(Activity):
Give again, exactly as written, the lines of the records below from the line with "LIKEM Quick-drying glue" to the line with "Solitary Agile Wallaby". Both end lines count; pictures do not.

(Recorded information):
....
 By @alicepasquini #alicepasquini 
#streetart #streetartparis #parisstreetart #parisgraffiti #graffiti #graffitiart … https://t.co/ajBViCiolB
....
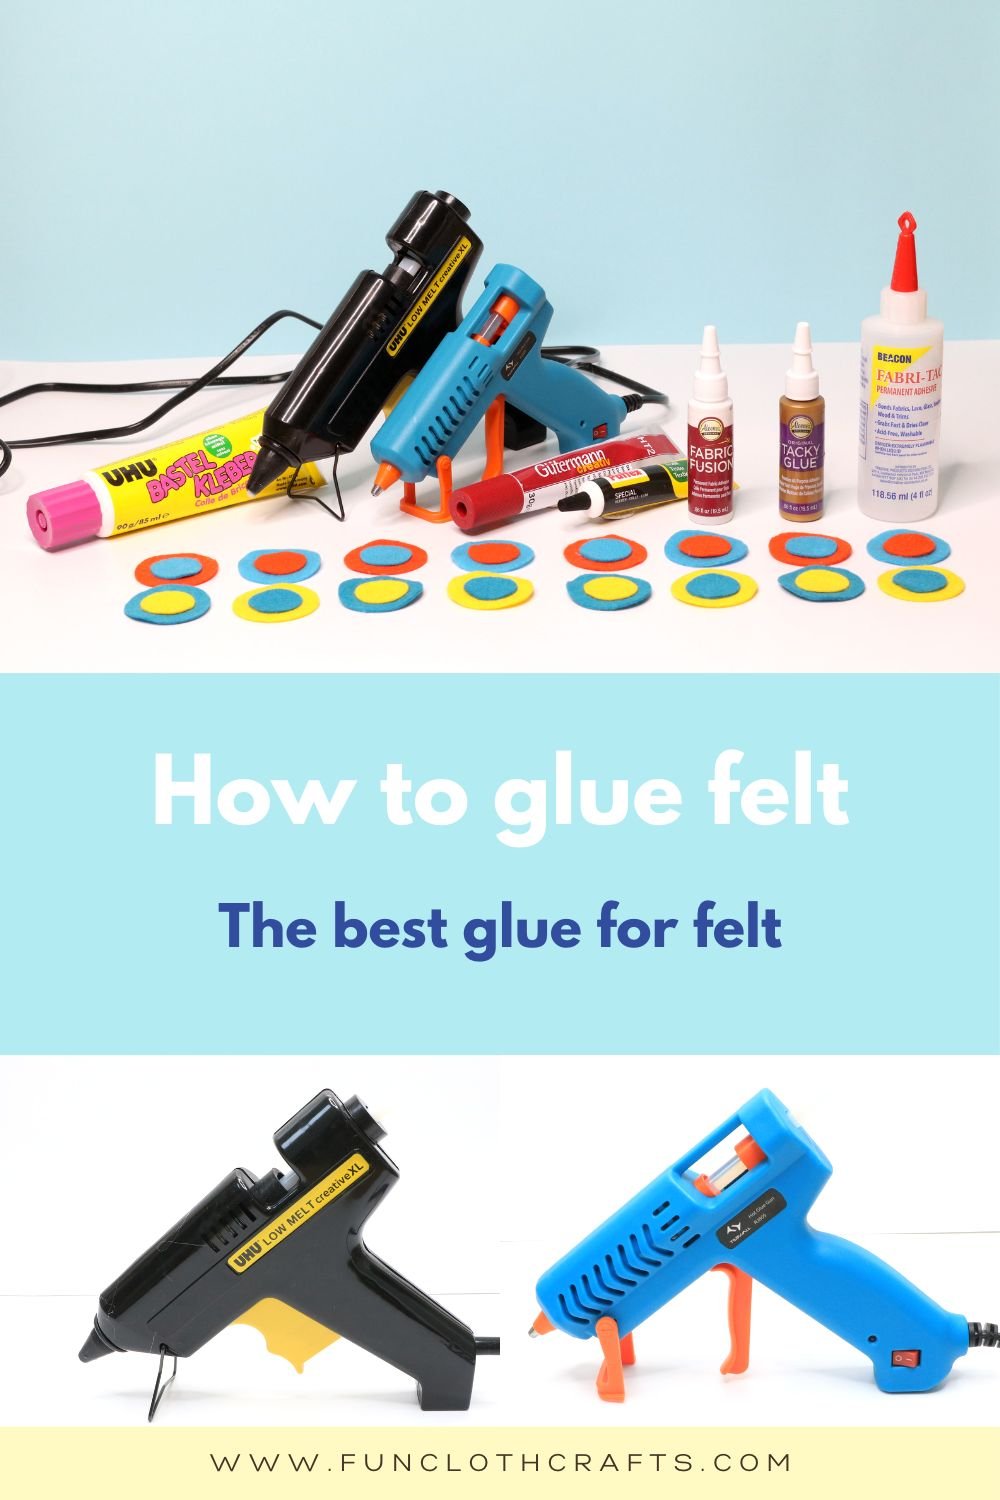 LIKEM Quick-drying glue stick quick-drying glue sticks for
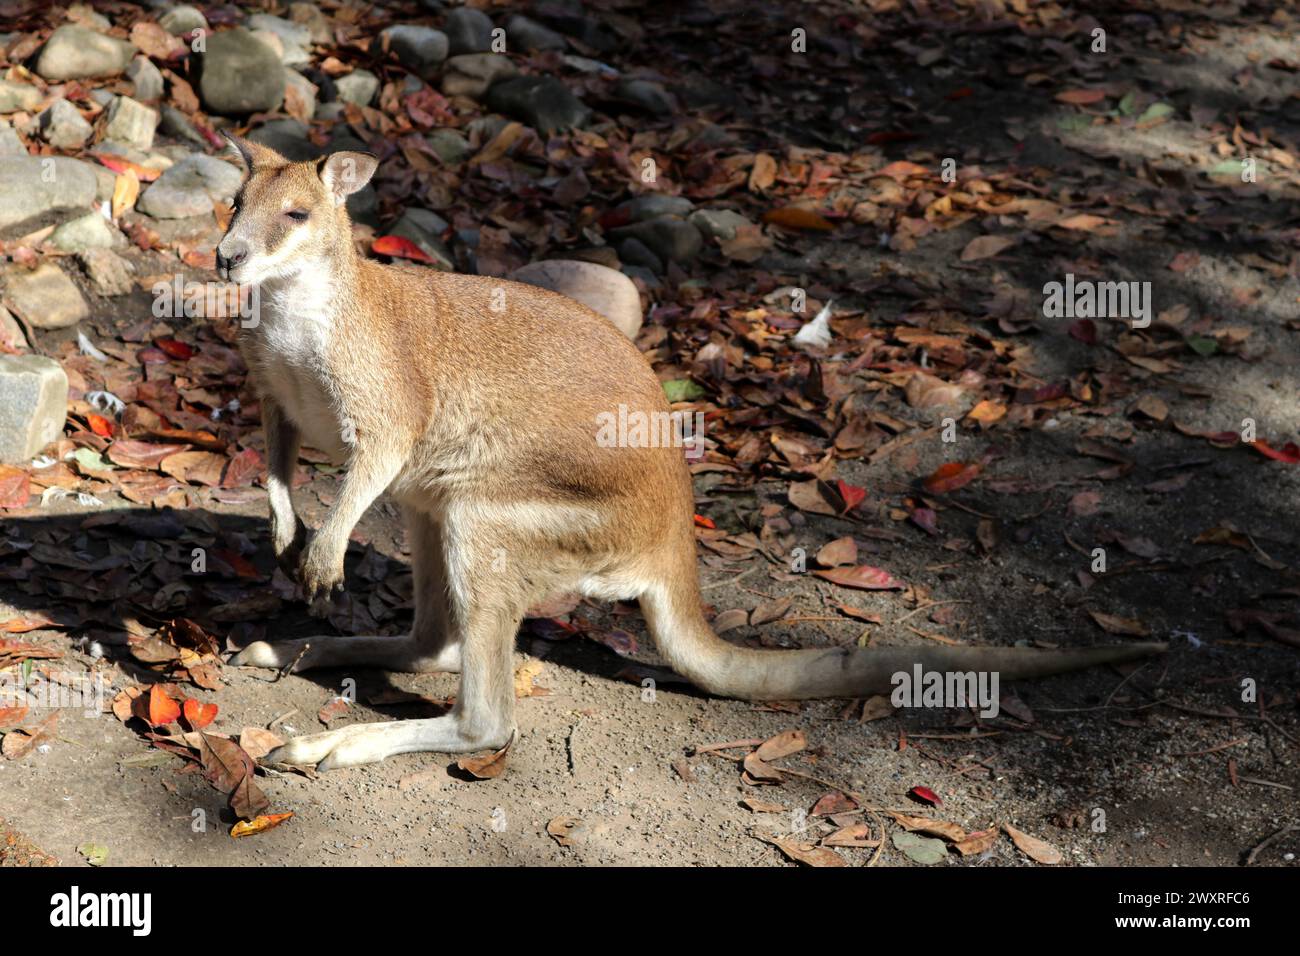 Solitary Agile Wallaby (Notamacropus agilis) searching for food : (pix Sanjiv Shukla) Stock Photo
....
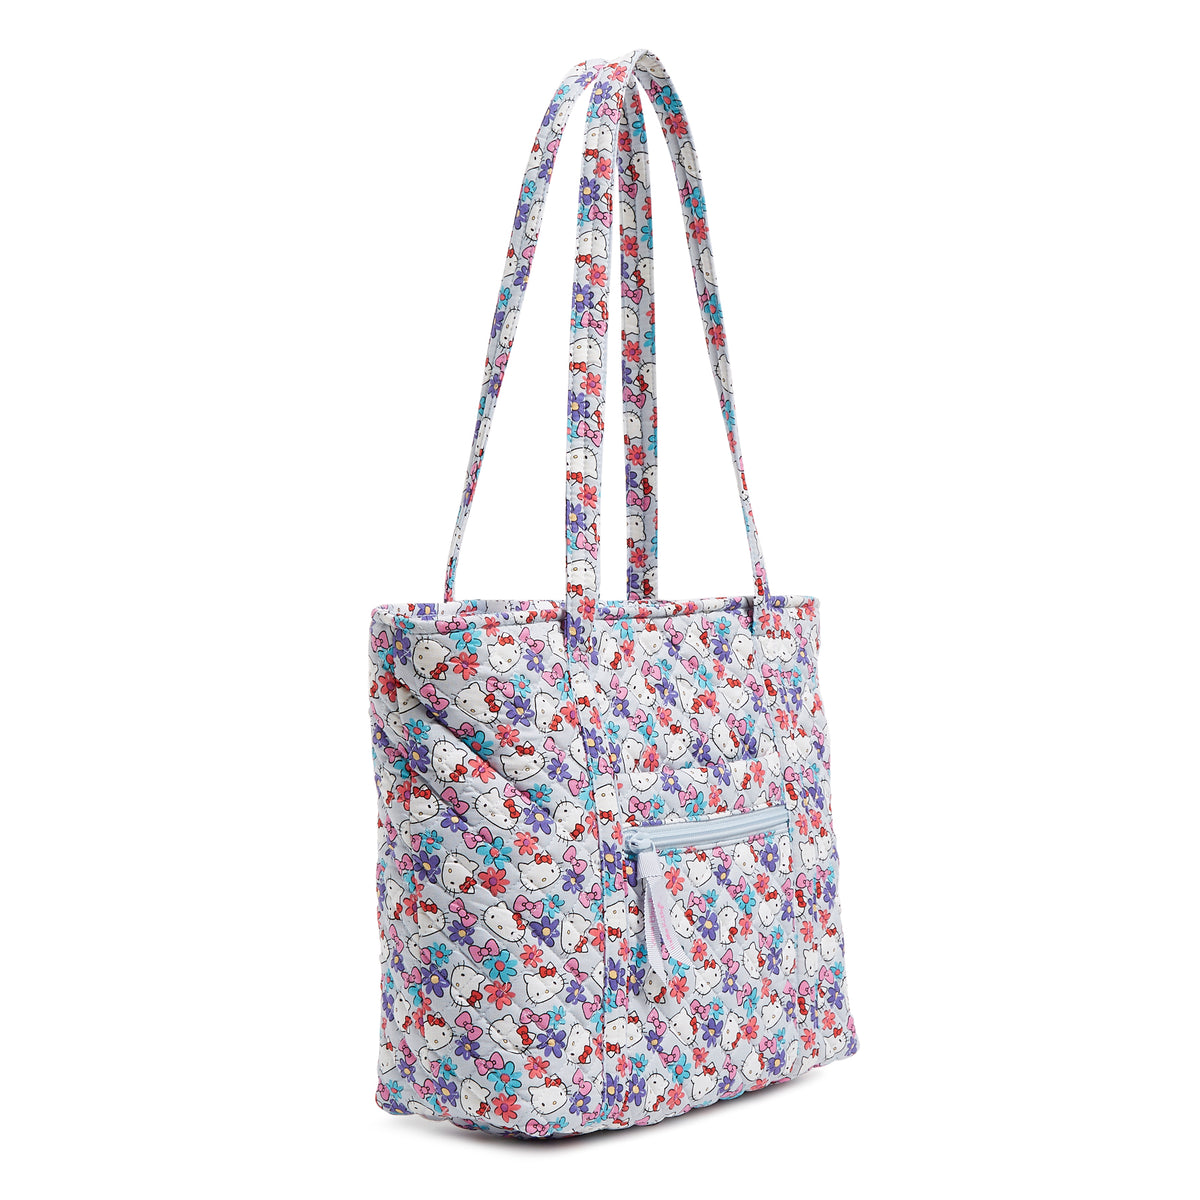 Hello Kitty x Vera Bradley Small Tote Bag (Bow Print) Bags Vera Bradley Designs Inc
....
(Solution for this task):
 LIKEM Quick-drying glue stick quick-drying glue sticks for
 Solitary Agile Wallaby (Notamacropus agilis) searching for food : (pix Sanjiv Shukla) Stock Photo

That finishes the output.